The Sub-Administrator shall not be responsible or liable for any failure or delay in performance of its obligations under this Agreement arising out of or caused, directly or indirectly, by circumstances beyond its control, including without limitation, work stoppage, power or other mechanical failure, computer virus, natural disaster, governmental action or communication disruption.
The Company shall indemnify and hold the Sub-Administrator and its directors, officers, employees and agents harmless from all loss, cost, damage and expense, including reasonable fees and expenses for counsel, incurred by the Sub-Administrator resulting from any claim, demand, action or suit in connection with the Sub-Administrator’s acceptance of this Agreement, any action or omission by it in the performance of its duties hereunder, or as a result of acting upon any instructions reasonably believed by it to have been duly authorized by the Trust or the Company or upon reasonable reliance on information or records given or made by the Trust or its investment adviser, provided that this indemnification shall not apply to actions or omissions of the Sub-Administrator, its officers or employees in cases of its or their own gross negligence or willful misconduct.

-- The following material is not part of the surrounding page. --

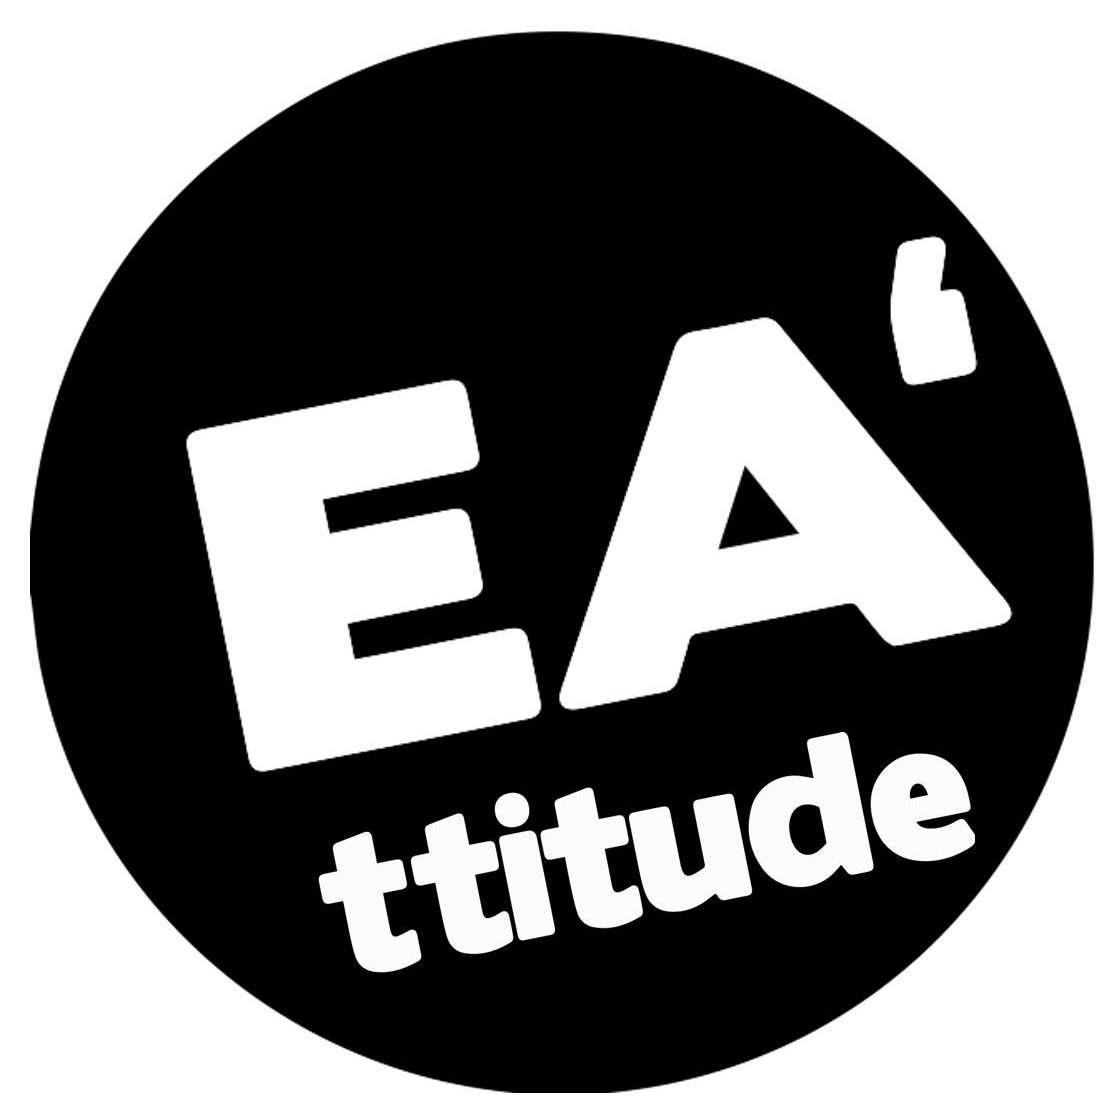 logo-eattitude

The limitation of liability and indemnification contained herein shall survive the termination of this Agreement.
9. CONFIDENTIALITY
The Sub-Administrator agrees to treat all Confidential Information communicated to it by the Company or the Trust in connection with the activities contemplated by this Agreement as confidential. “Confidential Information” shall mean all records and information in the Sub-Administrator’s possession relating to the Trust and its shareholders and shareholder accounts. The Sub-Administrator will not use or disclose Confidential Information for purposes other than the activities contemplated by this Agreement or except as required by law, court process or pursuant to the lawful requirement of a governmental agency, or if the Sub-Administrator is advised by counsel that it may incur liability for failure to make a disclosure, or except at the request or with the written consent of the Company or the Trust. Confidential Information will not include information which: (a) is or becomes available to the general public through no fault of the Sub-Administrator; (b) is independently developed by the Sub-Administrator; or (c) is rightfully received by the Sub-Administrator from a third party without a duty of confidentiality. Notwithstanding the foregoing, the Company acknowledges that the Sub-Administrator may provide access to and use of Confidential Information relating to the Trust to the Sub-Administrator’s respective employees, contractors, agents, professional advisors, auditors or persons performing similar functions. In addition, the Sub-Administrator may aggregate Fund data with similar data of other customers of the Sub-Administrator (“Aggregated Data”) and may use Aggregated Data for purposes of constructing statistical models so long as such Aggregated Data represents such a sufficiently large sample that no Fund data can be identified either directly or by inference or implication.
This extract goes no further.